The challenges of this, however, are great from data quality, to knowledge of external tools, to technical skill.  The latter being, in some ways, the greatest challenge;  Archaeologists, in general are a smart bunch, and often quite technically savvy, but these tools also have a high barrier to entry for use.  Some of these barriers include:

  1. Perceived value and need. If  putting data into a semantic format were as simple as clicking a button and hitting “save as” in Access, Excel, or Word, then this discussion would be moot. Instead, it’s a manual or technically involved process that requires users to isolate different types of data, evaluate it, standardize it, and map it.  It works best for quantitative measurements, and has some real challenges for qualitative data. But, regardless of the ability to publish the data, without a number of shining examples of how the data can be used to produce new impactful and significant ways that change the valuation of the work: reward ratio this will remain a problem.Within tDAR, we have started to develop tools to help users go through the process of making their data accessible through simple web forms.
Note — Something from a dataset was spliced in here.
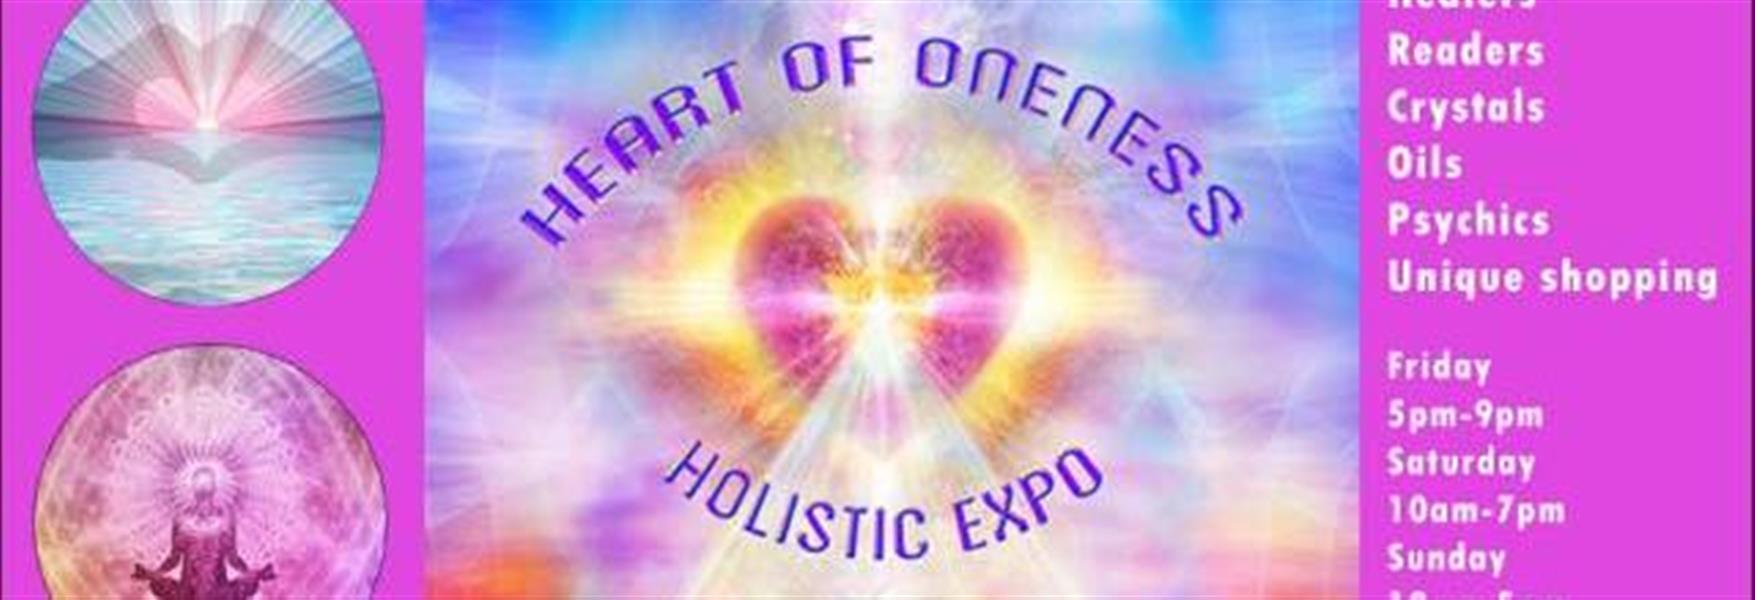 2da5b90f-4433-46c3-bac4-61ef65392717_Heart of oneness expo cover pic.jpg

This enables the analysis and mapping of data from coding sheets to shared knowledge structures (ontologies) that can be used in data analysis within tDAR and in the future outside as well.
  2. Once data is in a semantic form, it’s difficult to use. Most archaeologists are not, and do not want to be programmers (though many programmers may want to be archaeologists). While large companies like Google, Microsoft, and Facebook are starting to make use of semantic data in searches (reviews, product searches, flight times, etc are examples of this), the main way of integrating semantic data into your own data is to do it programmatically. Until off-the-shelf tools or discipline specific tools make use of this information, most archaeologists will not be able to use it (or even understand it’s value).Within tDAR, we’ve started to build tools to enable integration of data sets by providing built-in tools enable users to map, collate, and integrate data without being a programmer. Faunal analysts have used these tools to look at use patterns across-sites and continents among other uses.
  3. Once data is in semantic form, how do you evaluate its quality? This is likely the final challenge, semantic or open data is useful only in as far as you can evaluate quality. Leveraging data from the semantic web often means joining or comparing data sets by one aspect in order to gain an understanding of another – but this requires that these connections be evaluated and that the quality of the data be vetted before those connections are made, something that may be hard within online data sets.

In summary, none of these challenges are insurmountable, we have organizations dedicated to the preservation and use of digital data; and we have tools that are evolving to make it easier to ask and answer questions that we could only dream of in the past, linking data together and making new connections.

What we must work together to do is to continue to change the culture or archaeology to ensure that both legacy and new data is properly archived and preserved. And, the challenge for the technologists to build tools that empowers non-programmers to analyze and re-use data in new ways.